Akero Therapeutics Reports Fourth Quarter and Full Year 2020 Financial Results
SOUTH SAN FRANCISCO, Calif., March 16, 2021 (GLOBE NEWSWIRE) -- Akero Therapeutics, Inc. (Nasdaq: AKRO), a cardio-metabolic biotechnology company developing transformational treatments for non-alcoholic steatohepatitis (NASH), today reported fourth quarter and full year financial results for the period ending December 31, 2020.
"In 2020 we reported strong results from our Phase 2a BALANCED study in biopsy-confirmed NASH patients suggesting that our lead asset, efruxifermin (EFX), has the potential to be a foundational monotherapy for treatment of NASH," said Andrew Cheng, M.D., Ph.D., president and chief executive officer of Akero. "We have been particularly pleased with biopsy data that showed rapid improvements in both fibrosis and NASH resolution and look forward to reporting additional biopsy data among cirrhotic patients by April of this year.”
Fourth Quarter Business Highlights
- During the fourth quarter, the Company reported additional analyses for the main portion of the Phase 2a BALANCED study, including proportion of patients who achieved 50% and 70% relative reductions in liver fat, and extent of improvement in fibrosis among patients with F2 or F3 fibrosis at baseline and of glycemic control among patients with Type 2 diabetes mellitus.
- Among all EFX-treated patients who were fibrosis stage F2 or F3 at baseline (n=22), 50% experienced a two-stage improvement in fibrosis (n=11), while 68% experienced at least a one-stage improvement in fibrosis (n=15).
- Based on these rapid improvements in fibrosis observed after only 16 weeks of treatment, the Company believes that EFX has the potential to play an important role in reversing fibrosis for NASH patients.
Phase 2a BALANCED Study Cohort C Update
- Data collection for Cohort C of the BALANCED study, including voluntary end-of-treatment biopsies, was completed in February 2021.
- The Company expects to report preliminary results from Cohort C by April 2021, including safety and tolerability of EFX along with analyses of paired biopsies and non-invasive measures of liver health.

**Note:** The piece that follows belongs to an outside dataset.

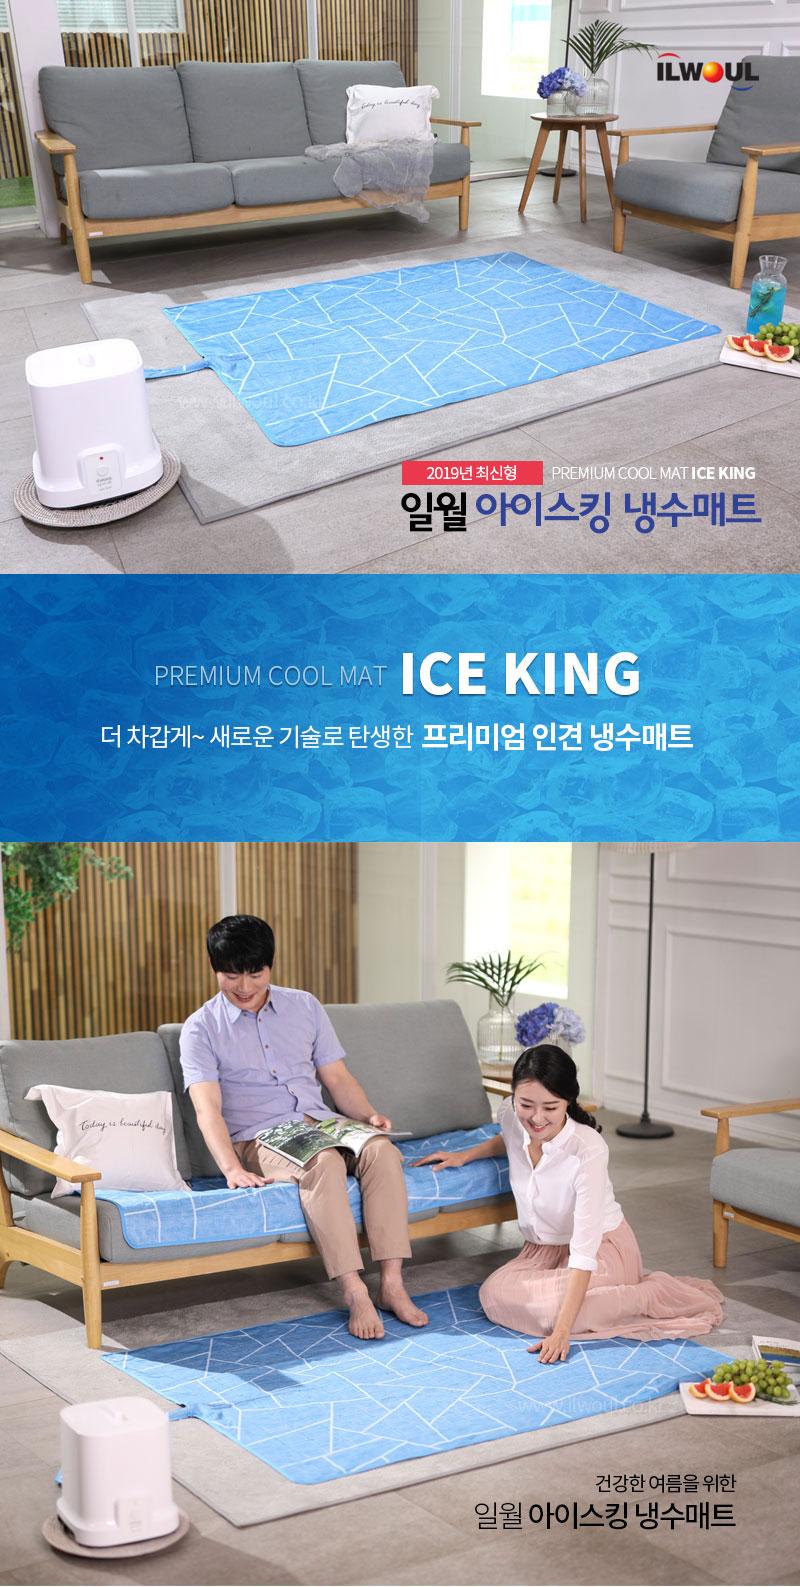 일월아이스킹냉수매트

Phase 2b HARMONY Study Update
- Screening of subjects for the HARMONY study, a multicenter, randomized, double-blind, placebo-controlled, clinical trial in biopsy-confirmed NASH patients with fibrosis stage 2 or 3, began in February 2021.
- The Company expects to complete enrollment in 2021 and report preliminary results in the second half of 2022.
- An end-of-phase 2 meeting with the U.S. Food and Drug Administration (FDA) to review HARMONY study results and finalize the proposed Phase 3 protocol, including dose selection and study size, will be requested prior to initiating Phase 3.
- Drug substance manufactured by Akero for use in the Phase 2b HARMONY study has been shown to be comparable to that previously manufactured by Amgen.
- The Company anticipates that a lyophilized formulation of drug product will be available for Phase 3 initiation in the first half of 2023.
- The Company’s financial results for the year ended December 31, 2020 were not significantly impacted by COVID-19.
- The COVID-19 pandemic did not materially impact data collection for Cohort C, ongoing enrollment in the Phase 2b HARMONY study or manufacturing of drug substance.
Full Year and Fourth Quarter 2020 Financial Results
- Akero's cash, cash equivalents and short-term marketable securities for the year ended December 31, 2020 were $268.4 million.
- Research and development expenses for the three-month and twelve-month periods ended December 31, 2020 were $25.7 million and $64.9 million, respectively, compared to $13.1 million and $37.0 million for the comparable periods in 2019. These increases are attributable to higher costs related to Akero's EFX program, including third-party contract manufacturing, contract research organization costs associated with the BALANCED and HARMONY studies and internal personnel costs.
- General and administrative expenses for the three-month and twelve-month periods ended December 31, 2020 were $4.1 million and $15.2 million, respectively, compared to $3.1 million and $8.6 million for the comparable periods in 2019. These increases are attributable to higher expenses for personnel, including non-cash stock-based compensation, and professional services and other costs associated with operating as a public company.
- Total operating expenses were $29.8 million and $80.2 million for the three-month and twelve-month periods ended December 31, 2020, respectively, compared to $16.2 million and $45.7 million for the comparable periods in 2019.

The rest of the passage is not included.